The Treasury Decision notes, however, that the establishment, at the outset of the PRI, of an exit condition that is tied to the private foundation’s exempt purposes in making the PRI can be an important indication that a foundation’s primary purpose in undertaking the PRI is in fact accomplishment of the exempt purposes.
Thus, private foundations may wish to consider various exit strategies and negotiate appropriate provisions when structuring a PRI by including, for example, a “put,” “call,” forced liquidation, demand or piggy-back registration right, or similar provisions tied to the foundation’s exempt purposes.
Typically, and almost by rule, the private foundation offering to make a PRI has a significant amount of leverage, and negotiating an appropriate means to exit could be one way to put that leverage to good use.
Is a Private Letter Ruling or Legal Opinion Required Prior to Making a PRI?
No. A private letter ruling (PLR) is not necessary for an investment to qualify as a PRI. Some private foundations request rulings for contemplated PRIs for absolute reassurance of a favorable determination by the IRS prior to the actual investment.
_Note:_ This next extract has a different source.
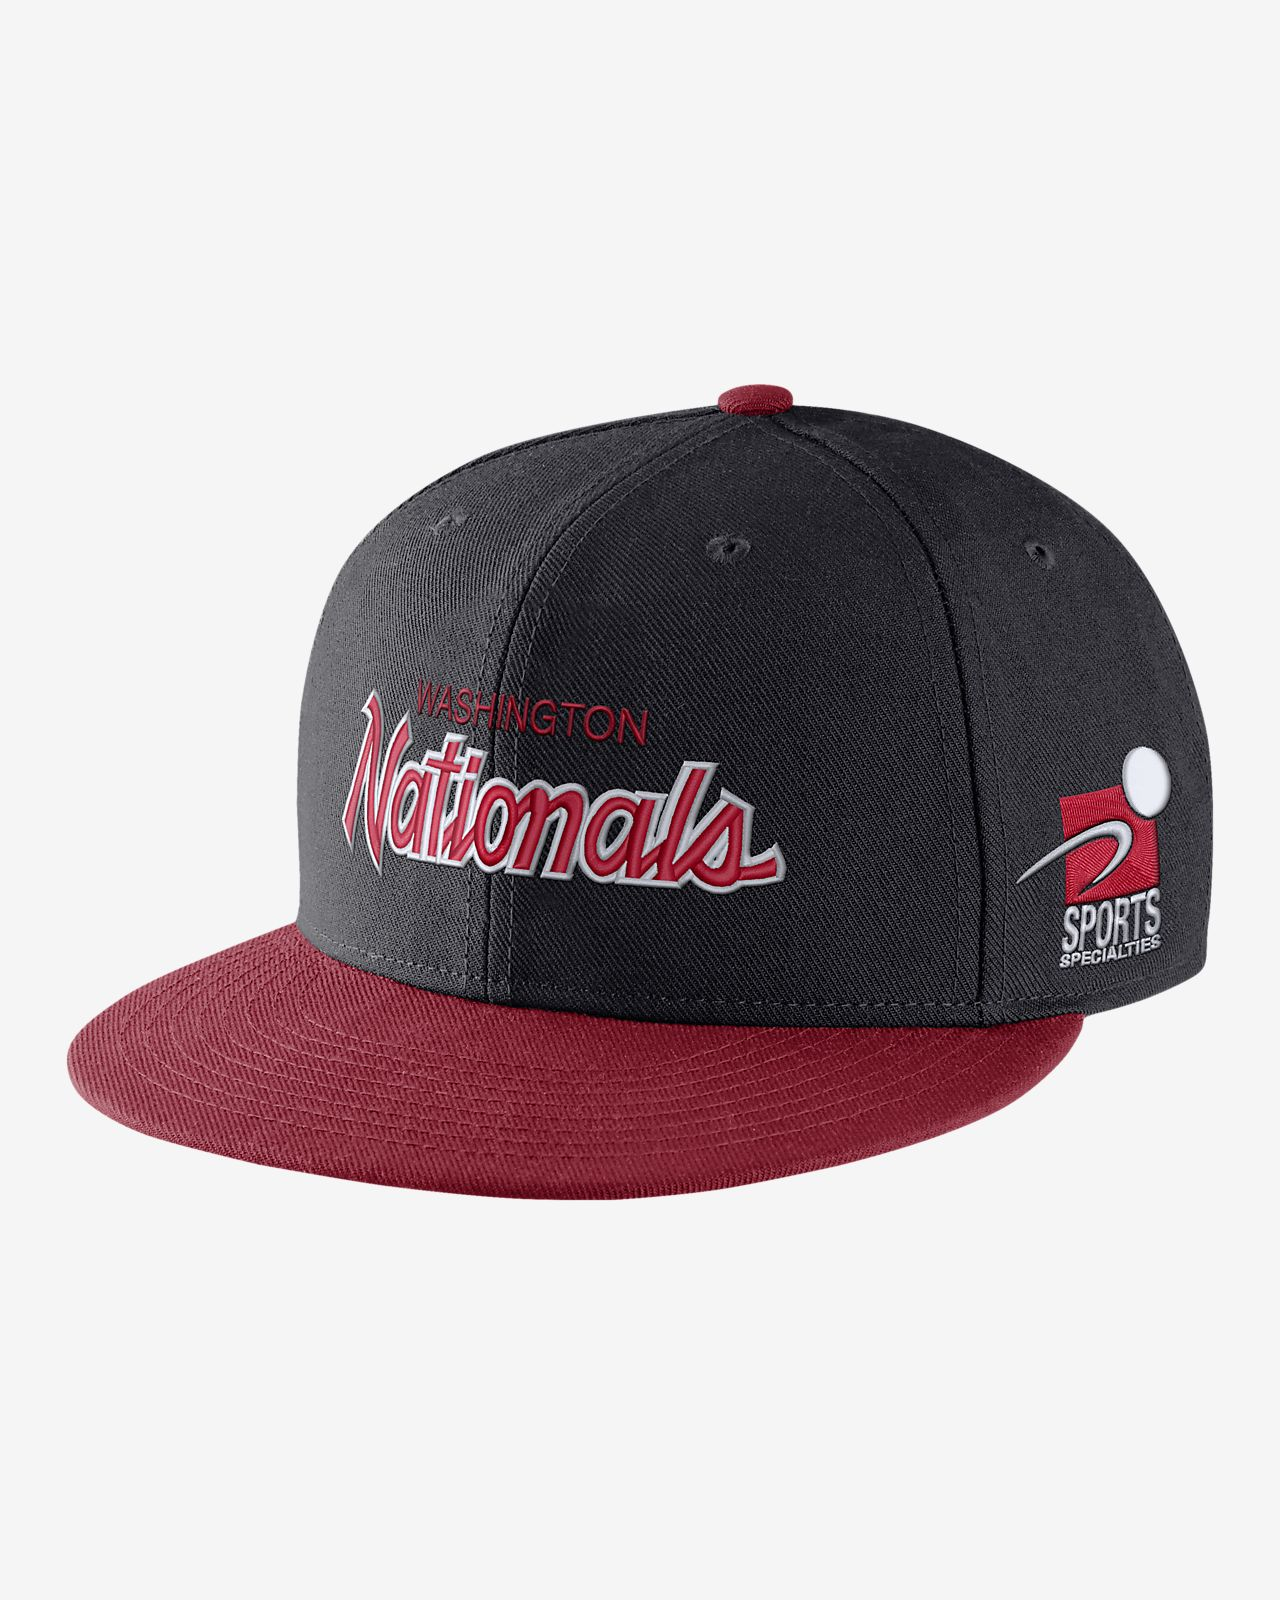 Nike Pro Sport Specialties (MLB Nationals) Adjustable Hat

This is often motivated by the desire to avoid the costly excise taxes on jeopardizing investments if the investment is later determined to not be a qualifying PRI, but the process can often take years before a response is issued (if one is issued at all). However, a PLR can take years to secure, and may come only long after the need for the PRI has come and gone.
Other foundations seek a reasoned legal opinion indicating that a particular investment is more likely than not to qualify, or should qualify, as a PRI. A formal tax opinion is often considered a prerequisite for board approval of a PRI and indicates counsel’s level of comfort that the proposed investment qualifies as a PRI. The tax opinion is particularly important because reasonable reliance on a legal opinion can shield a foundation manager from otherwise applicable excise taxes if the investment is later found to be a jeopardizing investment and not a PRI.
The new examples in the now final Treasury Regulations are quite substantive and help to answer many of the more frequently asked questions about PRIs. Moreover, the issuance of these new examples, and private letter rulings based on the new examples, should continue to illustrate the potential of and interest in the use of PRIs by private foundations.
1 Treas. Reg. section 53.4944-3(b), Examples 11-19, adopted effective April 25, 2016 by Treasury Decision 9762.
2 See Treas. Reg. section 53.4944-3(b), Examples 1-10.
3 For a detailed discussion on PRIs and the 2012 proposed regulations, see Lion and Mancino, “PRIs-New Proposed Regulations and the New Venture Capital,” 24 Exempts 2 (Sept/Oct 2012), page 3.